◆ **RECORDS SHOWN**:

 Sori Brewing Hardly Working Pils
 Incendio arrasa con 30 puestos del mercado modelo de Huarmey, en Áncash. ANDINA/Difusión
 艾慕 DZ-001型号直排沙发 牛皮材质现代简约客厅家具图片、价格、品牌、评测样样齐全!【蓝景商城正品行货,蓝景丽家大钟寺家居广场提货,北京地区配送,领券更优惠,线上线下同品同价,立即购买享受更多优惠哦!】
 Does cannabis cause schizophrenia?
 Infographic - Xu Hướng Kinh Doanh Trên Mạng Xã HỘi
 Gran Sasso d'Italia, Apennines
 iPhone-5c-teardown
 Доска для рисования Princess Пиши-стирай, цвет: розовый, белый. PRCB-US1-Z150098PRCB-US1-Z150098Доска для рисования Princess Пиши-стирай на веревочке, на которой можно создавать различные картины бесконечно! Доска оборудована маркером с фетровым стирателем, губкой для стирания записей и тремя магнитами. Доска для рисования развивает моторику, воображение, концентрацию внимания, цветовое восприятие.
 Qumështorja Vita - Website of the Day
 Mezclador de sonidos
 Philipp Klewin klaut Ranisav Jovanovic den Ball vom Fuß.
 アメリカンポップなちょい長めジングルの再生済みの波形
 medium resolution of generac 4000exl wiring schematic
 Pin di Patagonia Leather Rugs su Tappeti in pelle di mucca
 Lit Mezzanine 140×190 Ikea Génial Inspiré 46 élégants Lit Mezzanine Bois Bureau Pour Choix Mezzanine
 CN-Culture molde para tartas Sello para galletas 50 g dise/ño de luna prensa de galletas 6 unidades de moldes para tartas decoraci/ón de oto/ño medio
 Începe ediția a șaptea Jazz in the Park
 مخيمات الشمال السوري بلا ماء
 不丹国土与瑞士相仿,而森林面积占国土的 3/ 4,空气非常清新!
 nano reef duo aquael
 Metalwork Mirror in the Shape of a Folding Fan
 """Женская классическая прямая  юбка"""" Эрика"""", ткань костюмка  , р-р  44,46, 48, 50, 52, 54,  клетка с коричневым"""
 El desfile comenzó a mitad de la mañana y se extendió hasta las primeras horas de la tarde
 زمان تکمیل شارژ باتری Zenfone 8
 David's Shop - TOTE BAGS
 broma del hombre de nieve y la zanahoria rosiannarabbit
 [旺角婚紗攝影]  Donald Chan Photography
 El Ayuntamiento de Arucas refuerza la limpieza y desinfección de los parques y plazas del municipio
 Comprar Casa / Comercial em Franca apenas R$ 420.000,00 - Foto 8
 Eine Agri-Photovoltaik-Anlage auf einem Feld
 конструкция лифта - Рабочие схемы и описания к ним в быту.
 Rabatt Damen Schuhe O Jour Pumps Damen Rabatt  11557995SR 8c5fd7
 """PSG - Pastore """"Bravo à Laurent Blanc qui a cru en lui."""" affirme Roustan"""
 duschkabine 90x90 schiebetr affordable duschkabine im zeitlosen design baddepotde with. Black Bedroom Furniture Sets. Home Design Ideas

◆ **TASK DIRECTIONS**:
Above are the records; from them, give again exactly the lines from the one containing "زمان تکمیل شارژ باتری Zenfone 8" through the one containing "Rabatt Damen Schuhe", both included.

◆ **EXERCISE RESULT**:
 زمان تکمیل شارژ باتری Zenfone 8
 David's Shop - TOTE BAGS
 broma del hombre de nieve y la zanahoria rosiannarabbit
 [旺角婚紗攝影]  Donald Chan Photography
 El Ayuntamiento de Arucas refuerza la limpieza y desinfección de los parques y plazas del municipio
 Comprar Casa / Comercial em Franca apenas R$ 420.000,00 - Foto 8
 Eine Agri-Photovoltaik-Anlage auf einem Feld
 конструкция лифта - Рабочие схемы и описания к ним в быту.
 Rabatt Damen Schuhe O Jour Pumps Damen Rabatt  11557995SR 8c5fd7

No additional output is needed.